Tian Wei, Gao Zhong, Tan Dayi
Institute of Intelligent Vehicles, School of Automotive Studies, Tongji University, Shanghai, China.
Front Neurosci. 2023 Jul 19;17:1201088. doi: 10.3389/fnins.2023.1201088. eCollection 2023.
Vision-based human pose estimation has been widely applied in tasks such as augmented reality, action recognition and human-machine interaction. Current approaches favor the keypoint detection-based paradigm, as it eases the learning by circumventing the highly non-linear problem of direct regressing keypoint coordinates. However, in such a paradigm, each keypoint is predicted based on its small surrounding region in a Gaussian-like heatmap, resulting in a huge waste of information from the rest regions and even limiting the model optimization. In this paper, we design a new k-block multi-person pose estimation architecture with a voting mechanism on the entire heatmap to simultaneously infer the key points and their uncertainties. To further improve the keypoint estimation, this architecture leverages the SMPL 3D human body model, and iteratively mines the information of human body structure to correct the pose estimation from a single image. By experiments on the 3DPW dataset, it improves the state-of-the-art performance by about 8 mm on MPJPE metric and 5 mm on PA-MPJPE metric. Furthermore, its capability to be employed in real-time provides potential applications for multi-person pose estimation to be conducted in complex scenarios.

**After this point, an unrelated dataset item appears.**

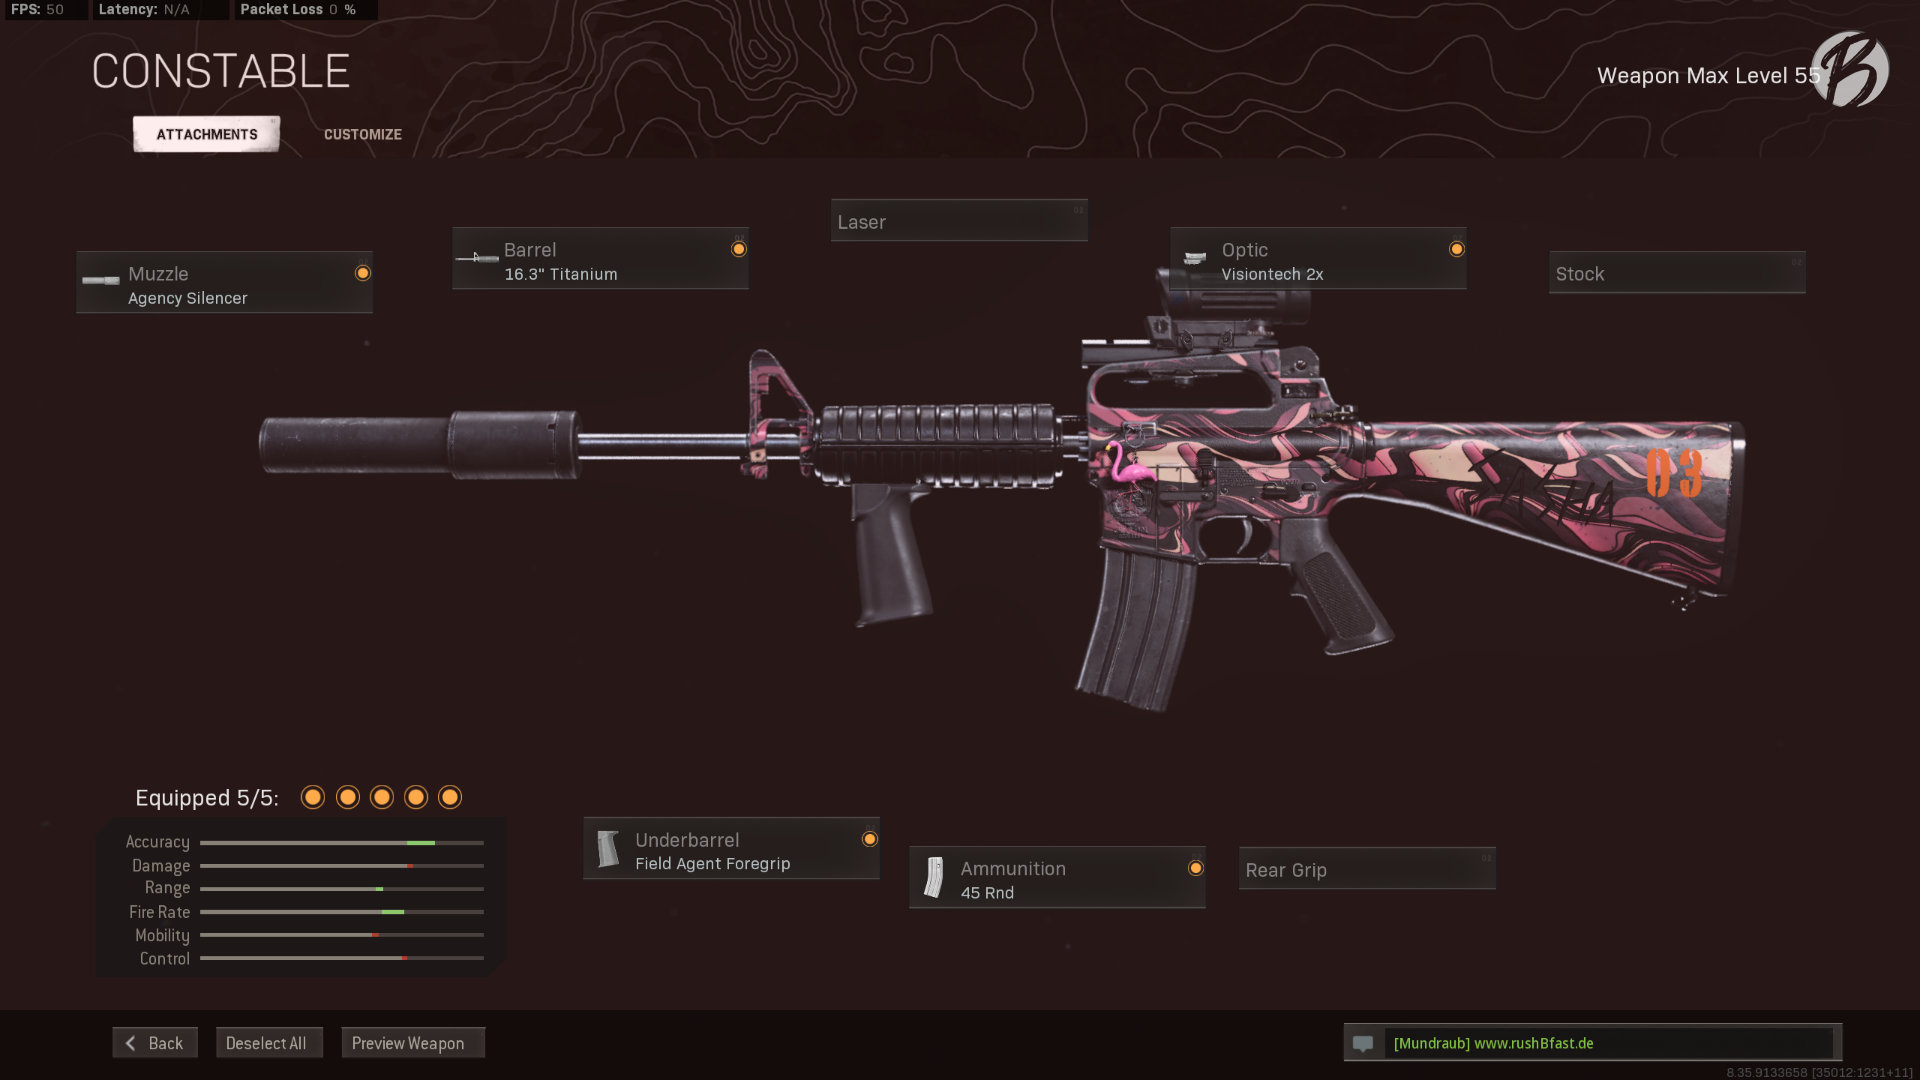 Call of Duty Warzone - Cold War Season 3 - M16

基于视觉的人体姿态估计已广泛应用于增强现实、动作识别和人机交互等任务中。当前的方法倾向于基于关键点检测的范式,因为它通过规避直接回归关键点坐标这一高度非线性问题来简化学习过程。然而,在这种范式中,每个关键点是基于高斯热图中其小的周围区域进行预测的,这导致其余区域的信息被大量浪费,甚至限制了模型优化。在本文中,我们设计了一种新的k块多人姿态估计架构,该架构在整个热图上采用投票机制来同时推断关键点及其不确定性。为了进一步改进关键点估计,该架构利用SMPL 3D人体模型,并迭代挖掘人体结构信息以从单张图像中校正姿态估计。通过在3DPW数据集上进行实验,在MPJPE指标上它将当前最优性能提高了约8毫米,在PA - MPJPE指标上提高了5毫米。此外,其能够实时应用为在复杂场景中进行多人姿态估计提供了潜在应用。